If the goal is composability and clean queries, keeping the predicate contextual from the start feels cleaner

The interesting part is you can still recover “global-ish” trust by aggregating across domains

So instead of:

global score → primary

It becomes:

domain scores → primary
global → derived

On topics — yeah this is where it gets tricky

I wouldn’t over-optimize it early

Start with broad domains:

tech
crypto
politics
sports

Then let more granular ones emerge on top of that

Trying to standardize too early might actually slow things down

Your point on accuracy-weighted evaluators + stake is

Feels like two separate axes though:

stake = economic weight
accuracy = informational weight

I wouldn’t collapse them too quickly

Because high stake ≠ high signal

On the empty trust circle problem - this is the real UX bottleneck imo

Cold start kills everything if not handled properly

Your idea of “topical trust lists” makes sense

But I think the key is:

→ make them forkable + composable

So instead of one canonical list, you get:

Billy tech trust list
Zet dev trust list
curated DAO lists

New users just subscribe to a base layer

Then refine over time

Also agree on the echo chamber risk

If we purely follow “most staked = most trusted”
we’ll just recreate popularity loops

So maybe:

→ discovery should bias diversity
→ not just weight

On your lens idea - I like the direction a lot

Feels like:

lens = predicate + source filter + weighting logic

Different lenses = different “views of trust”

One thing I’m still thinking about:

Should topics be:

fixed primitives (clean, comparable)
or fully emergent (flexible, messy)

Feels like the right answer might be a hybrid

Also curious how you’re thinking about:

→ topic overlap

Like tech vs crypto vs AI

Do you see those as separate graphs or overlapping layers?

kryptoremontier · April 5, 2026, 1:25pm

Good question. Cold start is actually where the system’s design pays off the most.

Four things handle it:

Confidence anchoring - new agents start at 50 (neutral), not 0 or 100. Score only moves away from 50 as real stake accumulates. One bad actor staking early barely moves the needle because confidence is near zero with low total stake.
New evaluators start at 1.0x weight - not 1.5x. You can’t walk in and immediately have outsized influence. You have to build a track record across multiple agents over time. Gaming that is expensive - you need many positions on many agents, each with real stake.
Soft gate - if an agent has low support ratio (bad actors opposing early), the score gets proportionally crushed. 30% support = score × 0.6. So even if a bad actor inflates support, one or two honest oppose signals hard-cap the damage.
Min stake threshold - dust wallets don’t count for diversity. You need real capital per position, so spinning up 50 sybil wallets with 0.001 each does nothing.

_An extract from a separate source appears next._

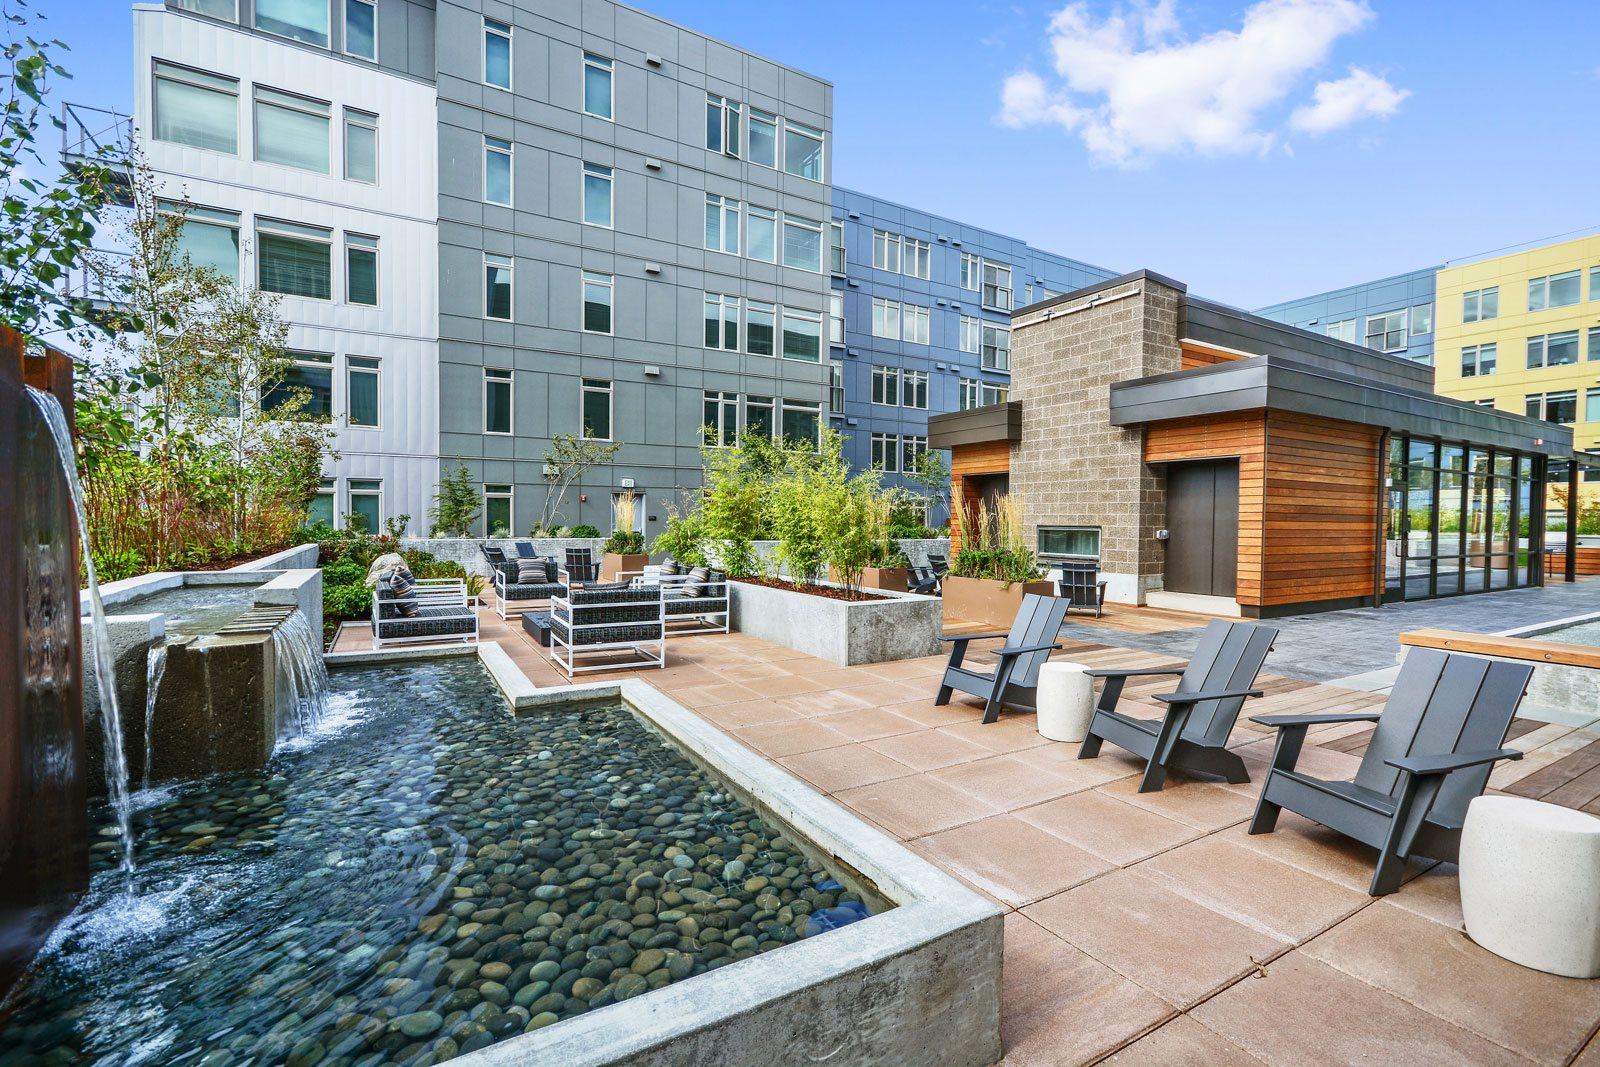 Courtyard Garden at The Whittaker, Seattle, Washington

Basically the system is designed to be boring at cold start. Score sits near 50, nothing dramatic happens, and influence has to be earned slowly. That’s a feature, not a bug - early bad actors get a muted, expensive, temporary effect that decays as real participants arrive.

kryptoremontier · April 5, 2026, 1:28pm

We landed on almost exactly the same structure. On AgentScore we use [Agent] [hasAgentSkill] [Skill] where each triple gets its own vault with independent staking. So trust is always contextual - same agent, different scores per domain. The aggregate score becomes a weighted average of domain scores.

On the topic taxonomy question - we started broad (Developer Tools, Data Analysis, Security, etc.) and plan to let community demand surface more specific ones. On mainnet skills.sh already has canonical atoms which helps avoid fragmentation.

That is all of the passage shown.